GOAL OF THE EXERCISE: The whole set of entries is to be restated word for word.

[Items from a data source]
====

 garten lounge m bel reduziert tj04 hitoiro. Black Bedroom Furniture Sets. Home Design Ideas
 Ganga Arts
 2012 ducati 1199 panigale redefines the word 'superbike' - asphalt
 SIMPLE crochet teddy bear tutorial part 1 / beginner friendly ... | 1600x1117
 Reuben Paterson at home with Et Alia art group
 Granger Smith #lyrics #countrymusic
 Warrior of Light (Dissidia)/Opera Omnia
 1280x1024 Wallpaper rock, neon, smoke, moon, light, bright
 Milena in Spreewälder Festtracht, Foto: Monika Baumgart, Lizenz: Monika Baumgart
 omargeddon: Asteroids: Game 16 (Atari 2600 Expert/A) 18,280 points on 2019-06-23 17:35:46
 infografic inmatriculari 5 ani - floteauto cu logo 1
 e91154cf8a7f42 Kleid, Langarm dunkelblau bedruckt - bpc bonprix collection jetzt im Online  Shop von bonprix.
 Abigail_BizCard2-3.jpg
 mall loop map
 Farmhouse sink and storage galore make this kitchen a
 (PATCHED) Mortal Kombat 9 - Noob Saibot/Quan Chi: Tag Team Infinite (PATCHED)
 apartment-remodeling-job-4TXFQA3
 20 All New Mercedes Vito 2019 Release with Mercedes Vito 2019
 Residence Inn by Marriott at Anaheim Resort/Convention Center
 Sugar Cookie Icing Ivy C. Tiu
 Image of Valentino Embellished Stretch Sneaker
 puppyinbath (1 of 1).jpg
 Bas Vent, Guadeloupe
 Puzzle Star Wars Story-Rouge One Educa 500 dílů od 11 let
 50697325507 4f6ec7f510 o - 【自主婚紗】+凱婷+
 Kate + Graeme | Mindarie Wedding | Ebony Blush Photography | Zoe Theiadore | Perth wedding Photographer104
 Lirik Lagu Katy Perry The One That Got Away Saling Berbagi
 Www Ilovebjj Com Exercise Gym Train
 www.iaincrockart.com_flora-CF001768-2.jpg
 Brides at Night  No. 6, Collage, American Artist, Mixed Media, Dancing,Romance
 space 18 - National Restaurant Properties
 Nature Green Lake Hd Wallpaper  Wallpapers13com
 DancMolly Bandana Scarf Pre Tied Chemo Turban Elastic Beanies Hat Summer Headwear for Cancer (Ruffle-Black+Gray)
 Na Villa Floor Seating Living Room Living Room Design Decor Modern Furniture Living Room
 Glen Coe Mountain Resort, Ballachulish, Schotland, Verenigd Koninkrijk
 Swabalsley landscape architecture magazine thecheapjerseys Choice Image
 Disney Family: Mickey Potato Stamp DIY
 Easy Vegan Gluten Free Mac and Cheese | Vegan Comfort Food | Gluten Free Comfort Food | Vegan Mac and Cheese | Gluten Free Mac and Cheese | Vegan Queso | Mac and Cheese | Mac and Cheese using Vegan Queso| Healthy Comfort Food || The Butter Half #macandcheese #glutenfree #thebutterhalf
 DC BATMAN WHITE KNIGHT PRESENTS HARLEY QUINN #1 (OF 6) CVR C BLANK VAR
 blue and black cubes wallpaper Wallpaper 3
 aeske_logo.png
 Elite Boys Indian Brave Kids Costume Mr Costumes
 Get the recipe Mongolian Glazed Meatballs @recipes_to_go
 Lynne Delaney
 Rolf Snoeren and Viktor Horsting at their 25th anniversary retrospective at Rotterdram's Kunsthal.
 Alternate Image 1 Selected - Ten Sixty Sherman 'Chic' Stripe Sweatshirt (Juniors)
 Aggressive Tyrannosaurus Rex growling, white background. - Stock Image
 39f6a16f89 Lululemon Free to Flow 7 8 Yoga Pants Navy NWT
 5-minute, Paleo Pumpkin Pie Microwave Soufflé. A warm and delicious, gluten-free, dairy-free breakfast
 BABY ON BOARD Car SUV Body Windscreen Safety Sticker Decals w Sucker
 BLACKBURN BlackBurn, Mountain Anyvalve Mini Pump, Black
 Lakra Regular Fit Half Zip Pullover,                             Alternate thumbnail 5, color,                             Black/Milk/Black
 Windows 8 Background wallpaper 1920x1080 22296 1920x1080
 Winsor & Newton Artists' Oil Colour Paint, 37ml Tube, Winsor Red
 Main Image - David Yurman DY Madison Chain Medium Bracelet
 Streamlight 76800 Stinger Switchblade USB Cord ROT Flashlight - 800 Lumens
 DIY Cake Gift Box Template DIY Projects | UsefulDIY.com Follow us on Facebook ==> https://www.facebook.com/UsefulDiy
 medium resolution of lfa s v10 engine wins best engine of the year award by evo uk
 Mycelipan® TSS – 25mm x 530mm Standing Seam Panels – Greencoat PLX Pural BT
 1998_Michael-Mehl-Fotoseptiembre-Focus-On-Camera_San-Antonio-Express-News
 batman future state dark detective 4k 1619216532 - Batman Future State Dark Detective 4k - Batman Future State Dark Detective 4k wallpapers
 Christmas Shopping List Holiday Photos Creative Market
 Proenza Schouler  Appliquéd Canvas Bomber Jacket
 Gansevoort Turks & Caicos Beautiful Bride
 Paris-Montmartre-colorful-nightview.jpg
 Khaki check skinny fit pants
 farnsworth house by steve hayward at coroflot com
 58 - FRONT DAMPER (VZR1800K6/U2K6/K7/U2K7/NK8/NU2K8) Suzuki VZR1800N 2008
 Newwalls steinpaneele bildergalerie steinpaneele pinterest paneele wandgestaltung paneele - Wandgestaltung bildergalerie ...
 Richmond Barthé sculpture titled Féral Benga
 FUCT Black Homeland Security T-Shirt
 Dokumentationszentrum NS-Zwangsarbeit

====

WRITTEN RESPONSE:
 garten lounge m bel reduziert tj04 hitoiro. Black Bedroom Furniture Sets. Home Design Ideas
 Ganga Arts
 2012 ducati 1199 panigale redefines the word 'superbike' - asphalt
 SIMPLE crochet teddy bear tutorial part 1 / beginner friendly ... | 1600x1117
 Reuben Paterson at home with Et Alia art group
 Granger Smith #lyrics #countrymusic
 Warrior of Light (Dissidia)/Opera Omnia
 1280x1024 Wallpaper rock, neon, smoke, moon, light, bright
 Milena in Spreewälder Festtracht, Foto: Monika Baumgart, Lizenz: Monika Baumgart
 omargeddon: Asteroids: Game 16 (Atari 2600 Expert/A) 18,280 points on 2019-06-23 17:35:46
 infografic inmatriculari 5 ani - floteauto cu logo 1
 e91154cf8a7f42 Kleid, Langarm dunkelblau bedruckt - bpc bonprix collection jetzt im Online  Shop von bonprix.
 Abigail_BizCard2-3.jpg
 mall loop map
 Farmhouse sink and storage galore make this kitchen a
 (PATCHED) Mortal Kombat 9 - Noob Saibot/Quan Chi: Tag Team Infinite (PATCHED)
 apartment-remodeling-job-4TXFQA3
 20 All New Mercedes Vito 2019 Release with Mercedes Vito 2019
 Residence Inn by Marriott at Anaheim Resort/Convention Center
 Sugar Cookie Icing Ivy C. Tiu
 Image of Valentino Embellished Stretch Sneaker
 puppyinbath (1 of 1).jpg
 Bas Vent, Guadeloupe
 Puzzle Star Wars Story-Rouge One Educa 500 dílů od 11 let
 50697325507 4f6ec7f510 o - 【自主婚紗】+凱婷+
 Kate + Graeme | Mindarie Wedding | Ebony Blush Photography | Zoe Theiadore | Perth wedding Photographer104
 Lirik Lagu Katy Perry The One That Got Away Saling Berbagi
 Www Ilovebjj Com Exercise Gym Train
 www.iaincrockart.com_flora-CF001768-2.jpg
 Brides at Night  No. 6, Collage, American Artist, Mixed Media, Dancing,Romance
 space 18 - National Restaurant Properties
 Nature Green Lake Hd Wallpaper  Wallpapers13com
 DancMolly Bandana Scarf Pre Tied Chemo Turban Elastic Beanies Hat Summer Headwear for Cancer (Ruffle-Black+Gray)
 Na Villa Floor Seating Living Room Living Room Design Decor Modern Furniture Living Room
 Glen Coe Mountain Resort, Ballachulish, Schotland, Verenigd Koninkrijk
 Swabalsley landscape architecture magazine thecheapjerseys Choice Image
 Disney Family: Mickey Potato Stamp DIY
 Easy Vegan Gluten Free Mac and Cheese | Vegan Comfort Food | Gluten Free Comfort Food | Vegan Mac and Cheese | Gluten Free Mac and Cheese | Vegan Queso | Mac and Cheese | Mac and Cheese using Vegan Queso| Healthy Comfort Food || The Butter Half #macandcheese #glutenfree #thebutterhalf
 DC BATMAN WHITE KNIGHT PRESENTS HARLEY QUINN #1 (OF 6) CVR C BLANK VAR
 blue and black cubes wallpaper Wallpaper 3
 aeske_logo.png
 Elite Boys Indian Brave Kids Costume Mr Costumes
 Get the recipe Mongolian Glazed Meatballs @recipes_to_go
 Lynne Delaney
 Rolf Snoeren and Viktor Horsting at their 25th anniversary retrospective at Rotterdram's Kunsthal.
 Alternate Image 1 Selected - Ten Sixty Sherman 'Chic' Stripe Sweatshirt (Juniors)
 Aggressive Tyrannosaurus Rex growling, white background. - Stock Image
 39f6a16f89 Lululemon Free to Flow 7 8 Yoga Pants Navy NWT
 5-minute, Paleo Pumpkin Pie Microwave Soufflé. A warm and delicious, gluten-free, dairy-free breakfast
 BABY ON BOARD Car SUV Body Windscreen Safety Sticker Decals w Sucker
 BLACKBURN BlackBurn, Mountain Anyvalve Mini Pump, Black
 Lakra Regular Fit Half Zip Pullover,                             Alternate thumbnail 5, color,                             Black/Milk/Black
 Windows 8 Background wallpaper 1920x1080 22296 1920x1080
 Winsor & Newton Artists' Oil Colour Paint, 37ml Tube, Winsor Red
 Main Image - David Yurman DY Madison Chain Medium Bracelet
 Streamlight 76800 Stinger Switchblade USB Cord ROT Flashlight - 800 Lumens
 DIY Cake Gift Box Template DIY Projects | UsefulDIY.com Follow us on Facebook ==> https://www.facebook.com/UsefulDiy
 medium resolution of lfa s v10 engine wins best engine of the year award by evo uk
 Mycelipan® TSS – 25mm x 530mm Standing Seam Panels – Greencoat PLX Pural BT
 1998_Michael-Mehl-Fotoseptiembre-Focus-On-Camera_San-Antonio-Express-News
 batman future state dark detective 4k 1619216532 - Batman Future State Dark Detective 4k - Batman Future State Dark Detective 4k wallpapers
 Christmas Shopping List Holiday Photos Creative Market
 Proenza Schouler  Appliquéd Canvas Bomber Jacket
 Gansevoort Turks & Caicos Beautiful Bride
 Paris-Montmartre-colorful-nightview.jpg
 Khaki check skinny fit pants
 farnsworth house by steve hayward at coroflot com
 58 - FRONT DAMPER (VZR1800K6/U2K6/K7/U2K7/NK8/NU2K8) Suzuki VZR1800N 2008
 Newwalls steinpaneele bildergalerie steinpaneele pinterest paneele wandgestaltung paneele - Wandgestaltung bildergalerie ...
 Richmond Barthé sculpture titled Féral Benga
 FUCT Black Homeland Security T-Shirt
 Dokumentationszentrum NS-Zwangsarbeit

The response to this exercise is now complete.